D-3263 is a TRPM8 activator and induces cancer cell apoptosis, which is a proper candidate for patients with solid tumors. For gastric cells, TRPM2 knockdown suppressed cellular proliferation, resulting in apoptosis and mitochondrial dysfunction. Within this process, ATP generation along with autophagy was attenuated, which would be an ensuing target for tumor therapy. As for human prostate cancer cells of DU145 and PC3, resveratrol diminished TRPM7 expression and function as well as alleviated TGF β-induced cell migration². Another feature that might underpin the primary and secondary resistance to anti-VEGF drugs, TRPC1 (and SOCE) inhibition, could represent a promising strategy to interfere with tumor vascularization¹⁹¹.
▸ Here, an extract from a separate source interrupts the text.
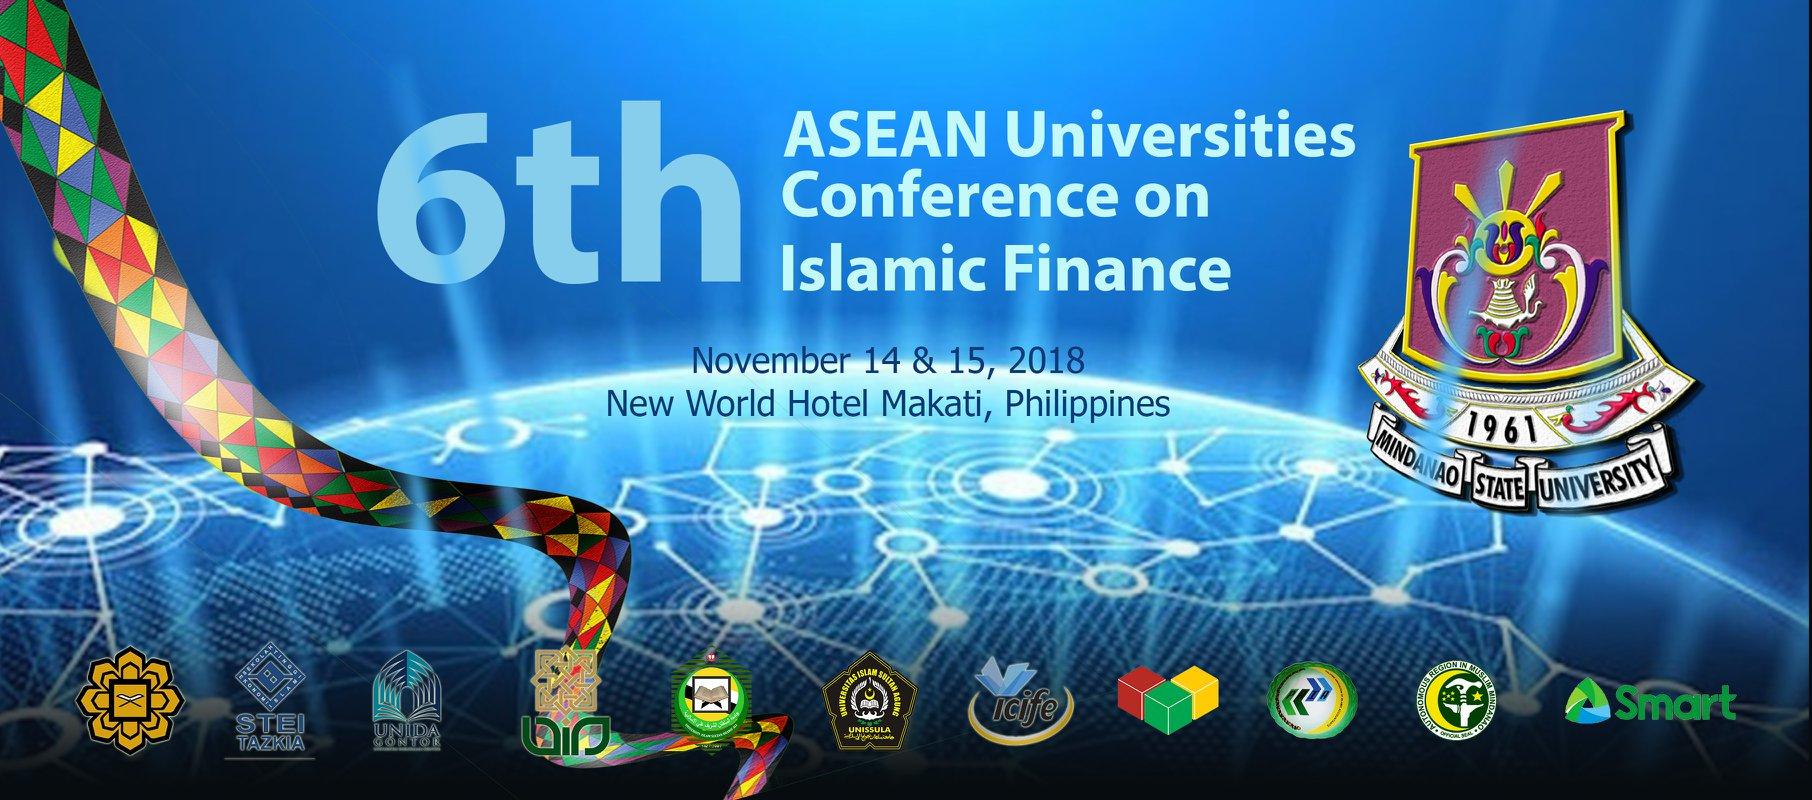 ASEAN educators, experts to discuss blockchain tech for Sukuk financing

Apart from the conventional drugs, proper interference of the TRP channel would be an appropriate approach to perform as the means to combat cancer. Prostate patients presented higher gene expression of TRPM4. The knockdown of the TRPM4 channel would deactivate the migration rather than proliferation in the prostate cells such as DU145 and PC3 cells¹⁹². The silencing of TRPM7 via proper knockdown of MDA-MB-231 or MDA-MB-435 in breast cancer cells would enhance the contractility and the amount of focal adhesions, which greatly diminishes the migratory and invasive potentials⁷⁴.

To summarize, both small molecular drugs and gene delivery-associated therapy are also efficient and novel approaches to target the therapy of tumors.